Goal: Train Pupper to walk using reinforcement learning!

Lab slides

Lab document

Step 0. Setup, and Test Bluetooth Connection

  • Clone the github repository of lab 5 to your Pupper (you will not need to modify any code in this repo):

    cd ~/
    git clone https://github.com/cs123-stanford/lab_5_fall_2025.git
    
  • Connect your remote controller with Bluetooth or USB cable to give Pupper velocity commands. For Bluetooth setup, follow the instructions at this link. You can control the Pupper and switch between policies using the remote controller, as shown in the image below:

    ../../../_images/cs123_gamepad.png

    CS123 Specific Gamepad Controller

  • After pressing the “x” button on the remote controller, you should see Pupper walking with the default policy. Use the left joystick to control Pupper’s walking direction and speed. The right joystick controls turning. Press any button on the remote controller to switch to a different policy.

  • If Pupper is not walking properly, check if:
    • The remote controller is properly connected/turned on

    • There’s any wiring issues with Pupper’s motors

    • You are using the default walking policy, which you can switch to by pressing the “x” button on the remote controller.

    • There is a bad IMU reading message after you reinitialize the neural controller (Let’s really hope that doesn’t happen…)

DELIVERABLE: Take a short video of Pupper walking with the default policy. How does this compare to your implementation from lab 4?

Step 1. Colab setup

  • Make a copy of the Pupper Lab 5 Colab

  • Purchase Colab Pro and set the GPU to A100. Select runtime in the top panel -> change runtime type -> A100. We will reimburse you for the $10 cost of the GPU — just fill out the [reimbursement form here](https://forms.gle/sFHnBEUubMzKw3dT8).

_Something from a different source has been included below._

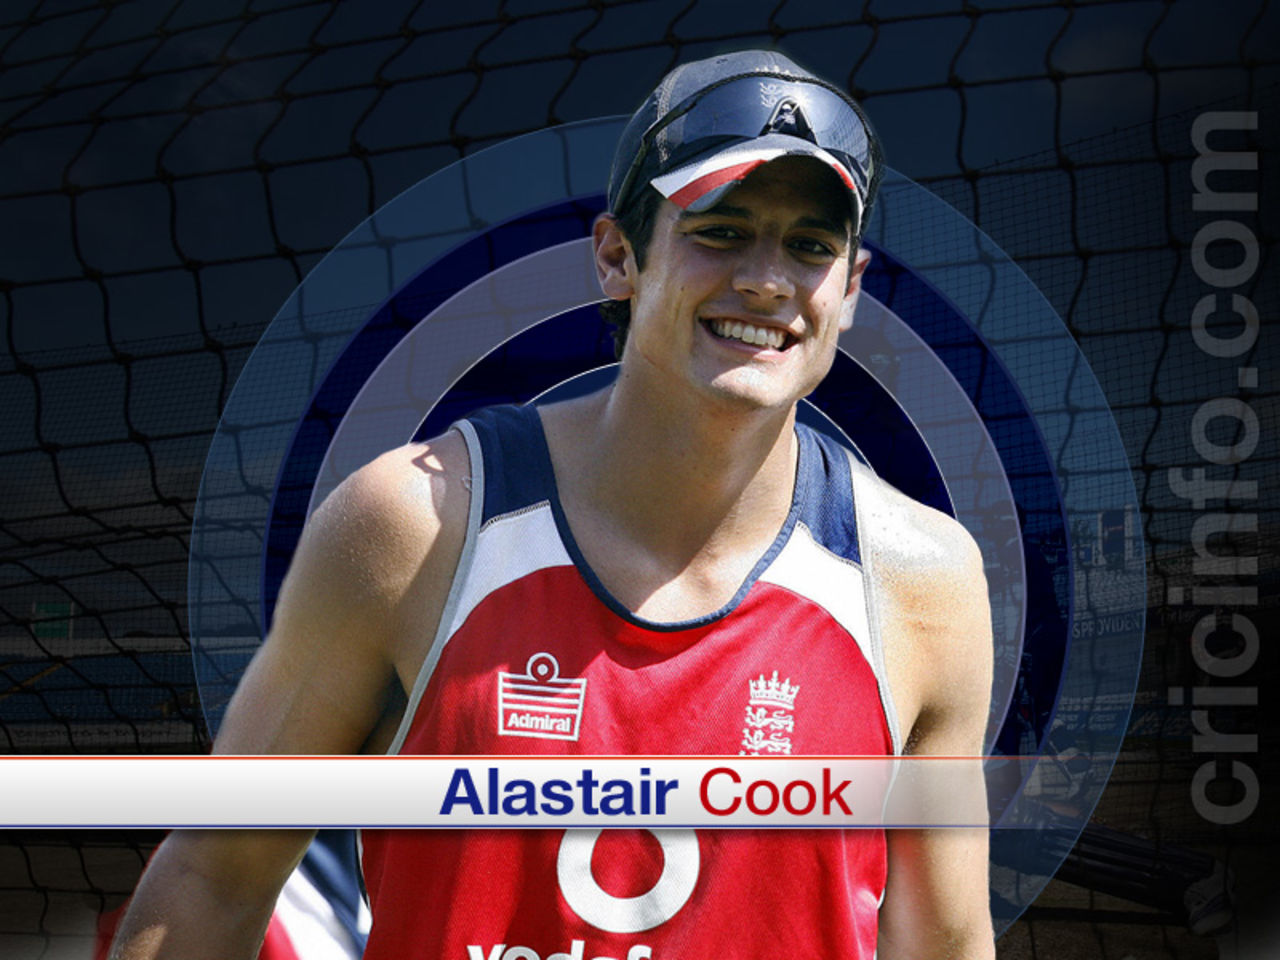 Alastair Cook

  • To track our training progress and compare between different runs, we will use wandb (pronounced “weights and biases”) to log all our training efforts (Fun Note: Weights and Biases just went through a huge acquisition, and the Founder/CEO is actually a good friend of Stuart’s!). It’s really easy to set up! For first time users, create a wandb account, and generate an API key by going to this link

  • Set up your wandb key by pasting your API key into cell 1 and running it.

../../../_images/wandb_setup.png

After pasting your wandb key, you should see a message like this. This means all your training logs will be saved to your wandb account!

  • Now that you have set up wandb on Colab, you need to configure your Pupper to work with the neural controller settings for Lab 5. On your Pupper, navigate to the lab 5 directory and rebuild the neural controller:

    cd ~/lab_5_fall_2025
    python3 rebuild_neural_controller.py
    
  • This script will rebuild the neural controller to match the settings we will use in Lab 5, allowing you to deploy your own trained policies. After the neural controller is rebuilt on Pupper, it will prompt you to provide an authorization code from your wandb account.

  • Visit the wandb authorization link that appears in the terminal, and paste the authorization code from your wandb account (the same account you are using on Colab). This will enable you to directly deploy your trained policies remotely by specifying the run number - each of your trained runs will follow a sequential number.

  • Deploying your trained policy is simple! Just run the deployment script:

    python3 deploy.py
    
  • The script will prompt you to provide the number of your desired checkpoint run. You can press Enter directly if you want to keep the current test policy, or enter a specific run number to deploy a policy you trained in Colab.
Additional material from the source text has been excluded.